Regional Director for Alaska for the Bureau of Indian Affairs
- In office July 9, 2018 – July 29, 2022

Member of the Bethel City Council
- In office October 2011 – October 2013

Personal details
- Born: Eugene R. Peltola Jr. February 7, 1966 Bethel, Alaska, U.S.
- Died: September 12, 2023 (aged 57) Alaska, U.S.
- Cause of death: Aviation accident
- Citizenship: United States Orutsararmiut Native Council
- Spouse: Mary Sattler
- Children: 7
- Education: University of Alaska Fairbanks

= Buzzy Peltola =

American public servant and naturalist (1966–2023)

Eugene R. "Buzzy" Peltola Jr. (February 7, 1966 – September 12, 2023) was an American public servant and naturalist who served as Alaska director for the Bureau of Indian Affairs and manager of the Yukon Delta National Wildlife Refuge. He was the husband of Congresswoman Mary Peltola.

== Biography ==
Peltola was born and raised in Bethel, Alaska. He was Alaska Native, with both Yup'ik and Tlingit ancestry. From an early age, he was an accomplished outdoorsman and hunter. He graduated in 1984 from Bethel Regional High School. He studied at the University of Alaska Fairbanks and graduated with a degree in wildlife management.

He was a tribal member of the Orutsararmiut Native Council, based in Bethel. His father, Gene Peltola Sr., was a prominent tribal leader.

The surname Peltola is Finnish. His paternal great-grandparents were from Sievi, Finland.

=== Career ===
In the 1980s, Peltola began working for the U.S. Fish and Wildlife Service and led subsistence management programs on all federal lands in Alaska. He also served as the lead staffperson for the U.S. Federal Subsistence Board. In 2004, he earned his commercial pilots license.

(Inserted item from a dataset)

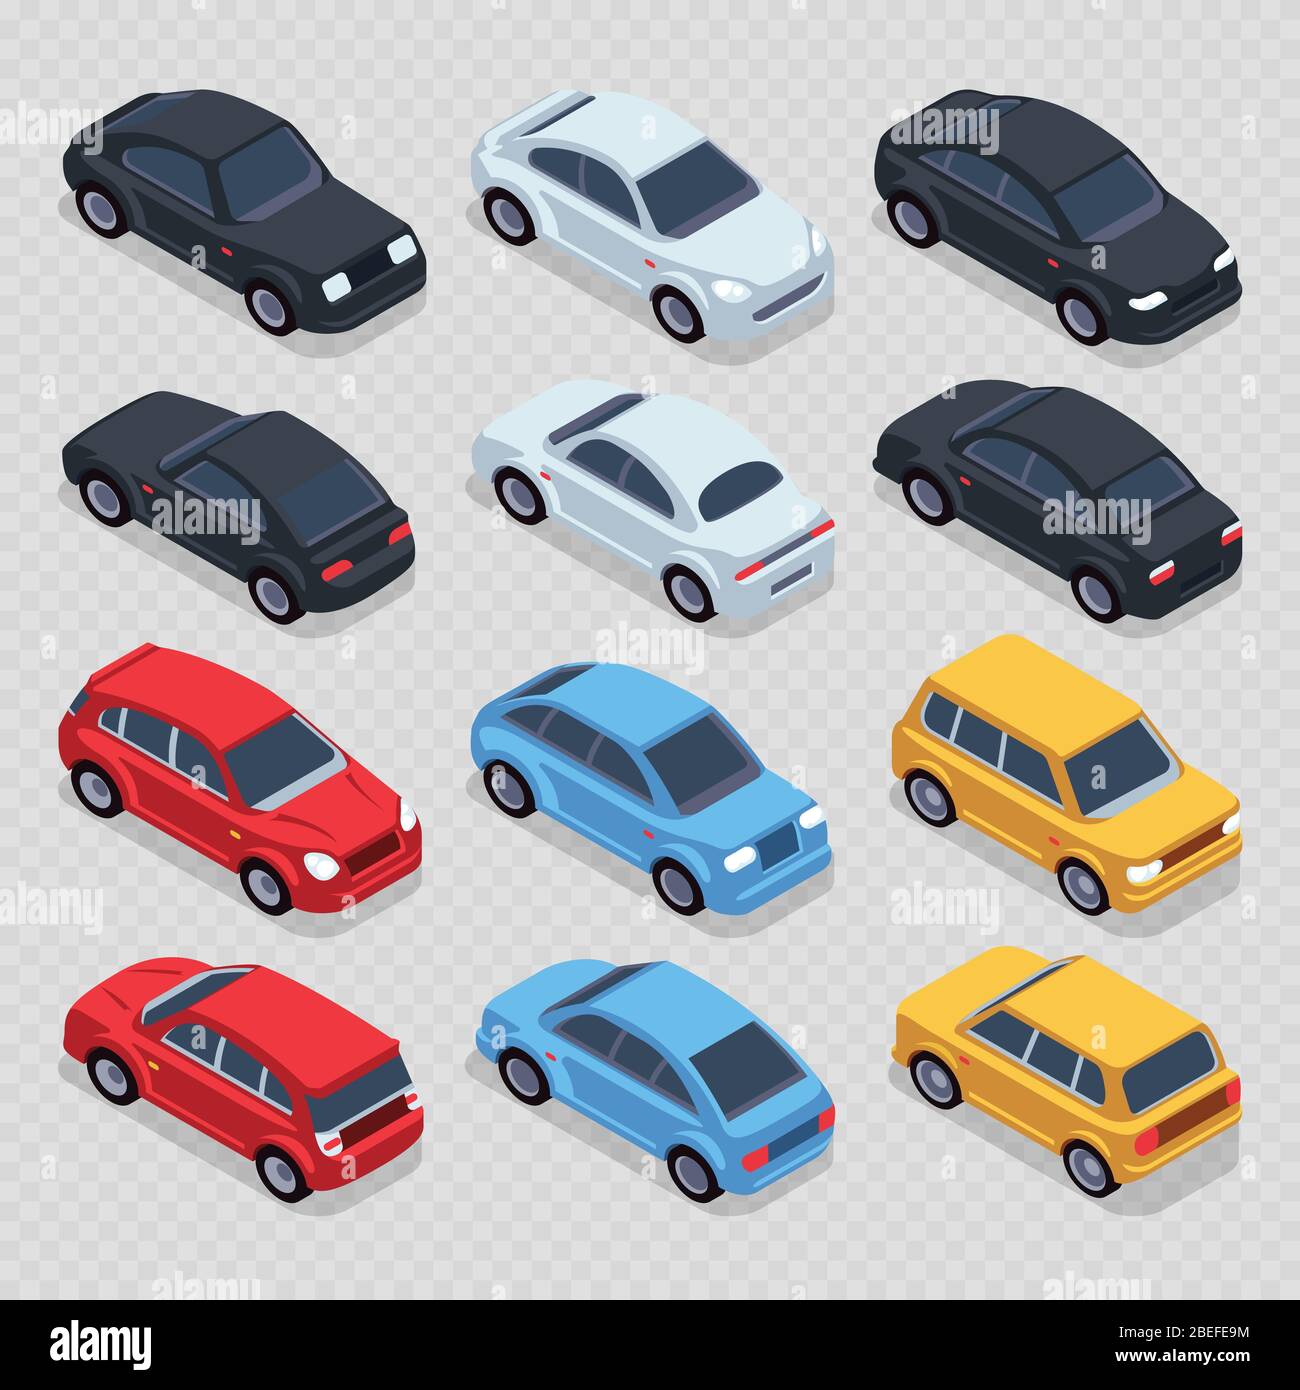 Isometrische 3d-Autos auf transparentem Hintergrund isoliert gesetzt. Set Transport isometrische Automobil, Vektor-Abbildung Stock Vektor

He worked for several years as a zone supervisor for Refuge Law Enforcement. Beginning in 2008, he served as the manager of the Yukon Delta National Wildlife Refuge. In 2009, Peltola was a delegate to the federal Whitefish Strategic Planning Group.

Elected in October 2011 with 63% of the vote, Peltola served a term as a council member for the City of Bethel, and was unanimously elected by his council peers as vice-mayor of the city in 2012. In addition to his public service, Peltola served on the corporate boards of the Bethel Native Corporation (a tribal-owned business) and its wholly owned subsidiaries, Bethel Solutions LLC and Bethel Services, Inc.

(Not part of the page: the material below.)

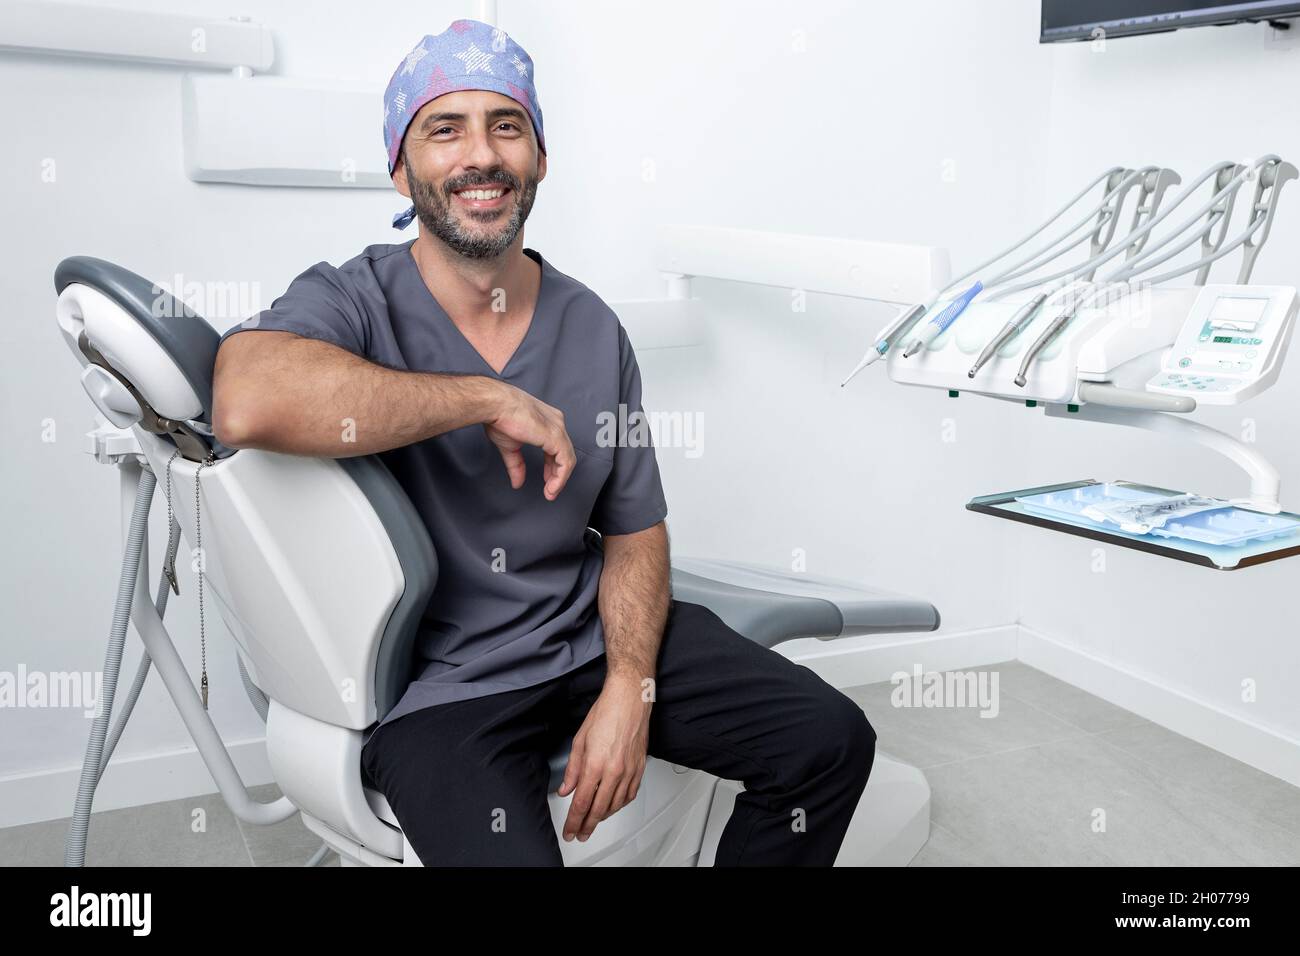 Porträt eines männlichen Zahnarztes mit Uniform, der sich auf einer Bahre in einer Zahnklinik stützt Stockfoto

In 2013, Peltola testified to the U.S. Senate Committee on Energy and Natural Resources in a hearing regarding the Alaska National Interest Lands Conservation Act.

Peltola worked for the Fish and Wildlife Service until 2018. That year he was appointed by U.S. Secretary of the Interior Ryan Zinke as the Regional Director for Alaska in the Bureau of Indian Affairs, overseeing services provided to 227 Alaska Native tribes. In 2019, he was appointed to the Department of the Interior Senior Executive Service Performance Review Board by Secretary Ryan Zinke.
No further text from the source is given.